Utpal, by his own account, cried while reading its lyrics for the first time. He recorded a cover and put it online. That upload found its way to producer Khwaab, who brought him to Mumbai.
What followed was the collaboration that produced the Coke Studio Bharat version most people have now heard. Utpal Udit brings a grounded folk sensibility to the production, holding the song’s texture without softening its edges, while Khwaab weaves through the track as a thread of tension, letting the grief simply exist.
The song’s arrangement is deliberate in its restraint. Utpal has spoken about the production choices with unusual clarity: “The interesting part was building the world of the song through sound. A lot of the production came from small details: the pauses, the restraint, the roughness in certain places. For me, it was important that the song stayed honest.”
Rekha Bhardwaj and the weight of a shared stage
The third voice on the track belongs to Rekha Bhardwaj, a National Award-winning singer whose career spans decades of Bollywood and independent music, and who has long worked at the intersection of folk, Sufi, and classical traditions.
Rekha Bhardwaj anchors the track with an emotional authority that feels entirely earned, her voice carrying the weight of longing and defiance in equal measure.
For Utpal, sharing a stage with her is not a small thing. For Rekha, the material itself was the draw: “Kachaudi Gali sits in a very specific emotional space. It’s not about the war, it’s about what the war takes from you.”
Bhojpuri music has always held stories of migration, longing, and separation. Utpal Udit is making younger audiences hear those stories again.
Bhojpuri folk music originates from the musical traditions of people from Bihar and Uttar Pradesh, with a diaspora that stretches as far as Mauritius, the Caribbean, and South Africa — carried across oceans by indentured labourers who took their language and songs with them.
That is the tradition Utpal Udit is working within and working to restore.

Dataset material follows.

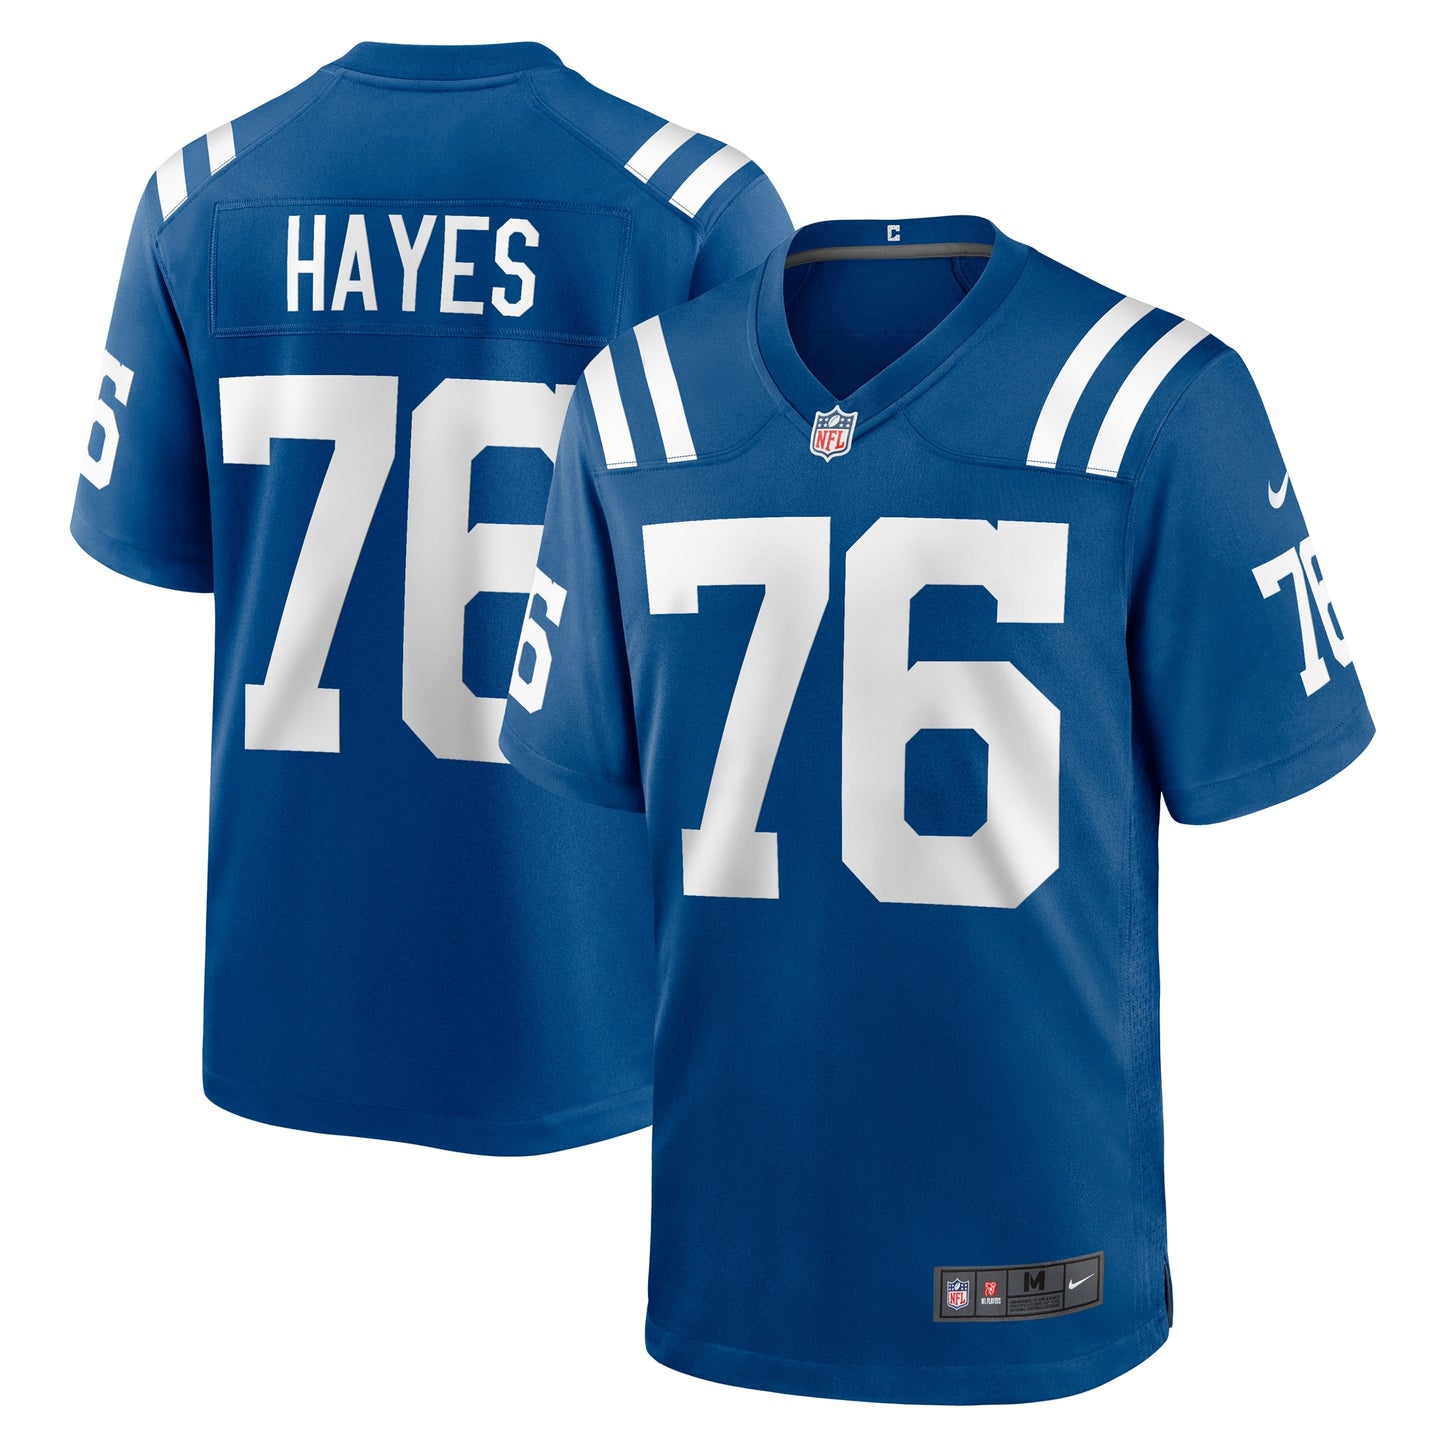 Ryan Hayes Indianapolis Colts Nike Team Game Jersey - Royal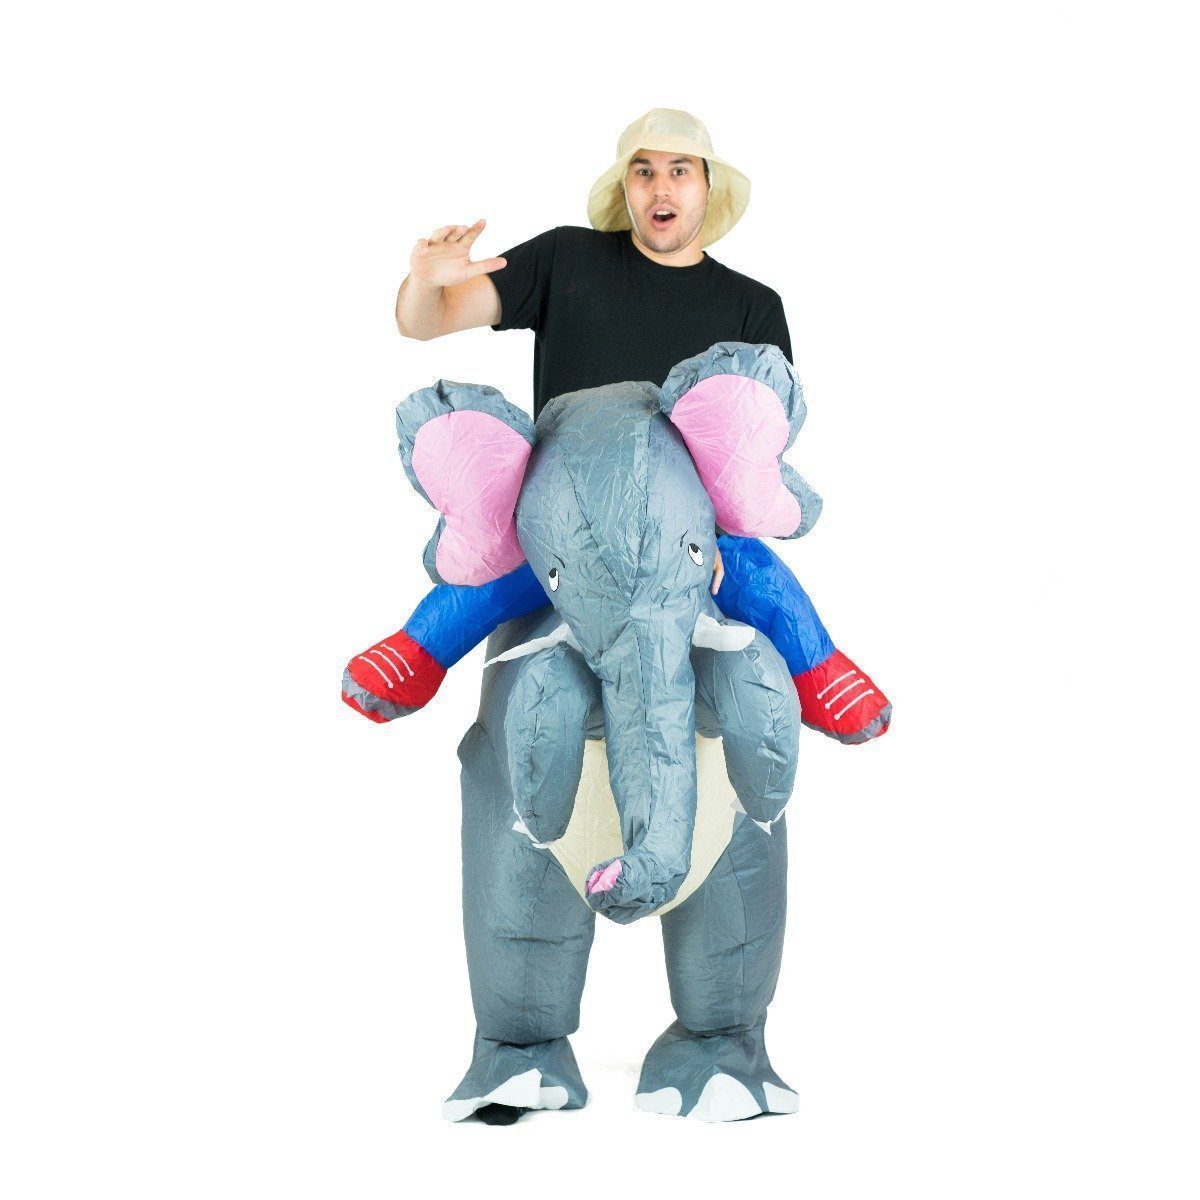 Fancy Dress - Inflatable Elephant Costume

Not as nostalgia, but as an argument about what Bhojpuri music actually is and what it has always been capable of saying.
What this moment means
Udit retains the rawness and earthy simplicity of Bhojpuri folk traditions so beautifully that the song feels less like a studio recording and more like an echo from the old streets of Banaras itself.
That quality is what makes Kachaudi Gali land the way it does. It is the sound of a young man from Bihar insisting that there is more to his musical inheritance than the version people had decided to accept.
Utpal Udit and producer Khwaab are not simply making music. They are making a case, one carefully arranged track at a time, that the Bhojpuri folk tradition has stories worth telling, a texture worth preserving, and an audience ready to listen, if someone is willing to trust that audience enough to offer them the real thing.